Торнтон Уайлдер в "Дне восьмом" пишет о своем герое: "В конце концов и поклонники, и противники объявили его старомодным и на этом успокоились"1. Казалось бы, можно ли назвать старомодными таких легких, даже слишком легких писателей, как Честертон и Льюис? Можно, отчасти из-за их простоты. Наш век не очень ее любит. У Льюиса, как и у Честертона, есть качества, совсем непопулярные в наше время: оба – намеренно просты, оба – раздражающе серьезны. Как и Честертон, Льюис очень несерьезно относился к себе, очень серьезно – к тому, что отстаивал. Льюис сказал, что из мыслителей XX в. на него больше всего повлиял Честертон, а из книг Честертона – "Вечный Человек". Действительно, она принадлежит к одной традиции и даже не по "жанру" (который, кстати, не должен удивлять страну, где жили и писали христианские мыслители от Хомякова до Федотова), а по здравомыслию и редкому сочетанию глубокой убежденности с глубоким смирением. Похожи они не во всем: Льюис рассудительнее Честертона (не "разумнее", а именно "рассудительнее"), строже, тише, намного печальней, в нем меньше блеска, больше спокойствия. Но, вместе взятые, они гораздо меньше похожи на своих современников. Какими бы эксцентричными ни казались их мысли, оба они, особенно Льюис, постоянно напоминали, что ничего не выдумывают, даже не открывают, только повторяют забытое.

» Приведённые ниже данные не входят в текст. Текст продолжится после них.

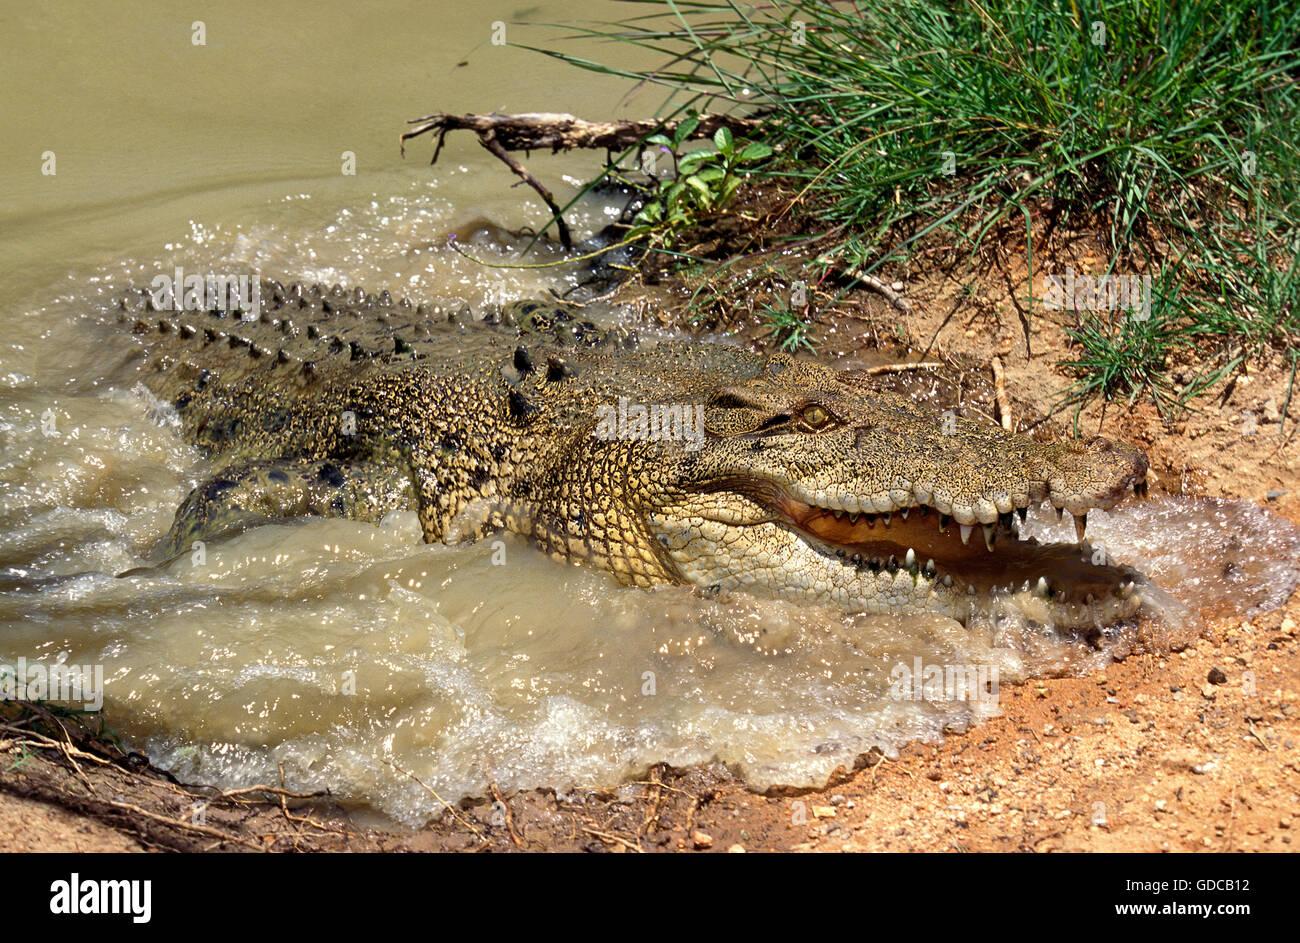 AUSTRALIAN SALWATER CROCODILE OR ESTUARINE CROCODILE crocodylus porosus, ADULT COMING OUT WATER, AUSTRALIA - Stock Image

Льюис называл себя динозавром и образчиком былого; один из нынешних исследователей назвал его не автором, а переводчиком.

1 Перевод Е.Калашниковой.

Как мы уже говорили, за годы, прошедшие с его смерти, весомость его заметно увеличилась. Может быть, она будет расти; может быть, он, как сказал Толстой о Лескове, "писатель будущего", и примерно по той же причине. Льюис нужен и весом всегда, когда игры в новую нравственность, вненравственность, безнравственность уж очень опасны, и людям больше не кажутся скучными слова "великий моралист".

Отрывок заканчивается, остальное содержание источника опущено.